Quantum memories capable of faithfully storing and recalling quantum states
on-demand are powerful ingredients in bulding quantum networks
[arXiv:0806.4195] and quantum information processors [arXiv:1109.3743]. As in
conventional computing, key attributes of such memories are high storage
density and, crucially, random access, or the ability to read from or write to
an arbitrarily chosen register. However, achieving such random access with
quantum memories [arXiv:1904.09643] in a dense, hardware-efficient manner
remains a challenge, for example requiring dedicated cavities per qubit
[arXiv:1109.3743] or pulsed field gradients [arXiv:0908.0101]. Here we
introduce a protocol using chirped pulses to encode qubits within an ensemble
of quantum two-level systems, offering both random access and naturally
supporting dynamical decoupling to enhance the memory lifetime.
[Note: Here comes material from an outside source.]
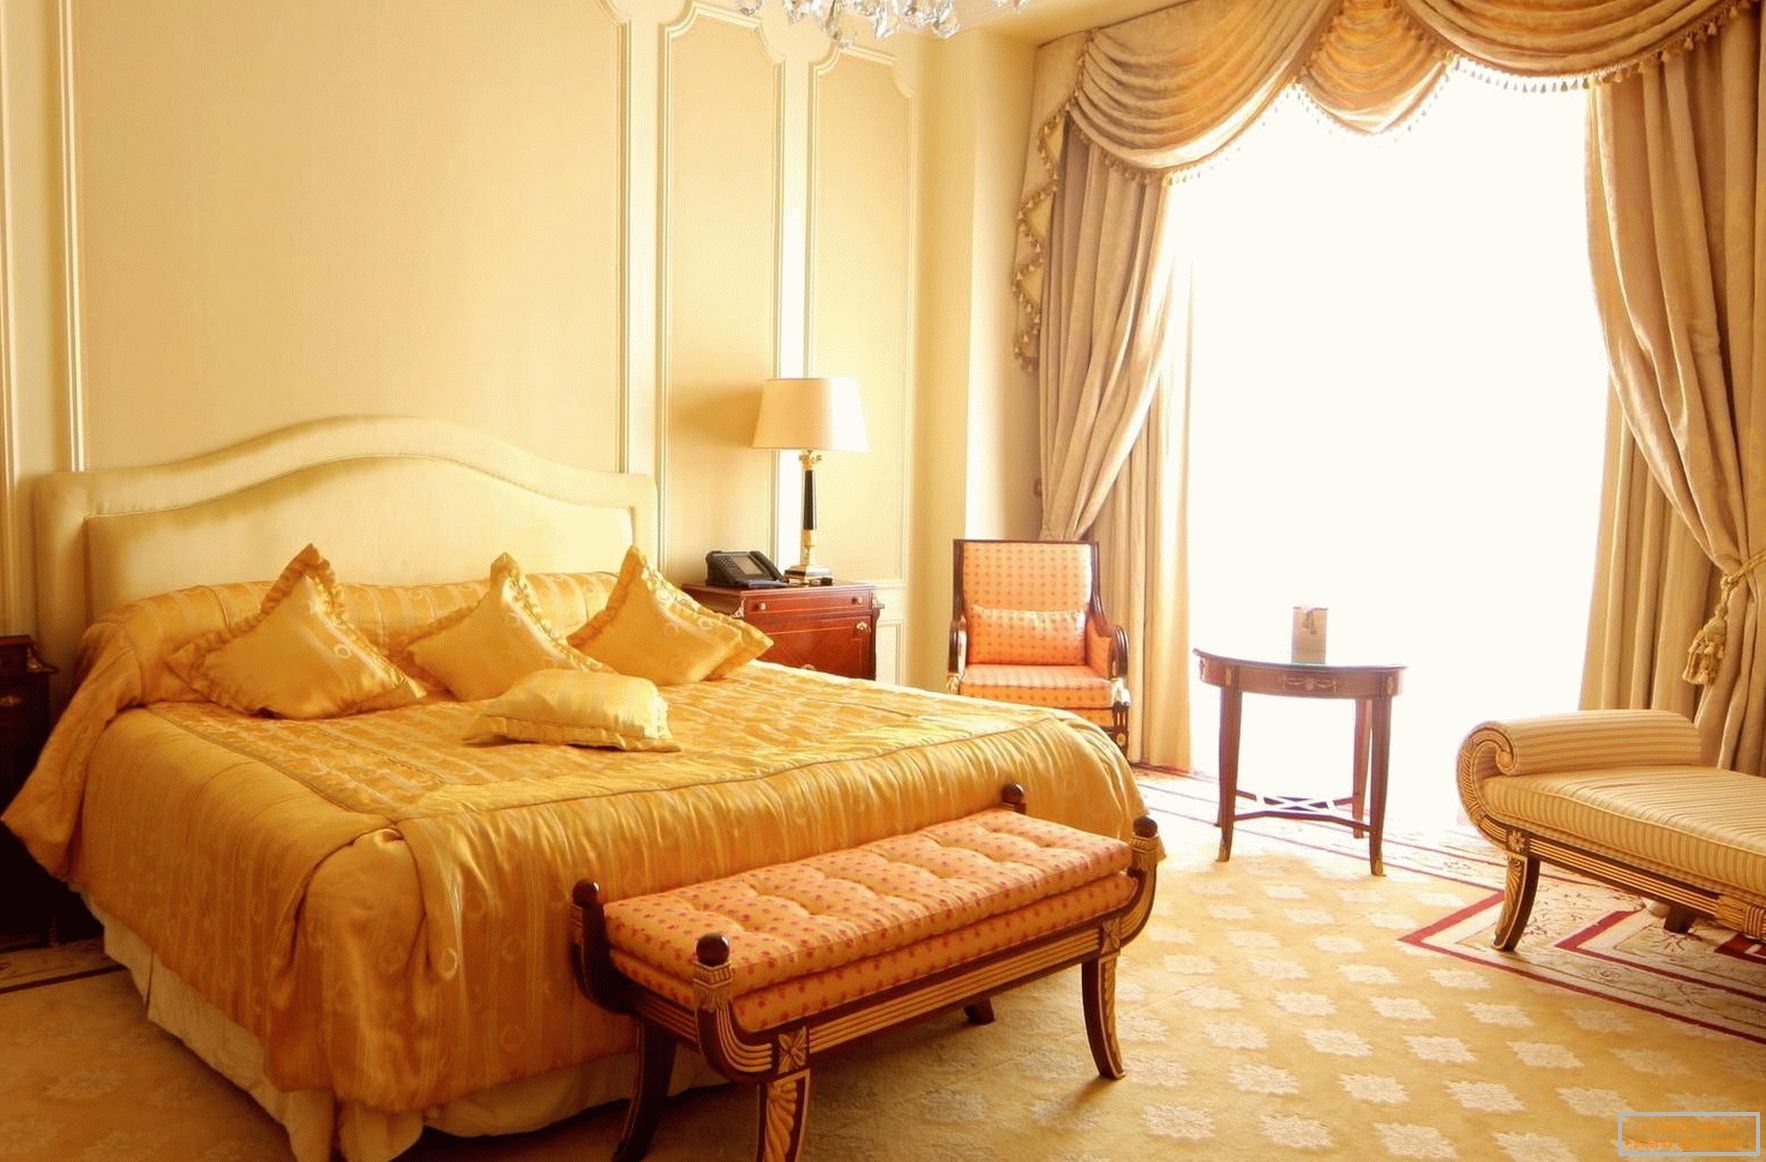 Luminosa e spaziosa camera da letto in stile barocco con finestre panoramiche.

We demonstrate
the protocol in the microwave regime using donor spins in silicon coupled to a
superconducting cavity, storing up to four multi-photon microwave pulses and
retrieving them on-demand up to 2~ms later. A further advantage is the natural
suppression of superradiant echo emission, which we show is critical when
approaching unit cooperativity. This approach offers the potential for
microwave random access quantum memories with lifetimes exceeding seconds
[arXiv:1301.6567, arXiv:2005.09275], while the chirped pulse phase encoding
could also be applied in the optical regime to enhance quantum repeaters and
networks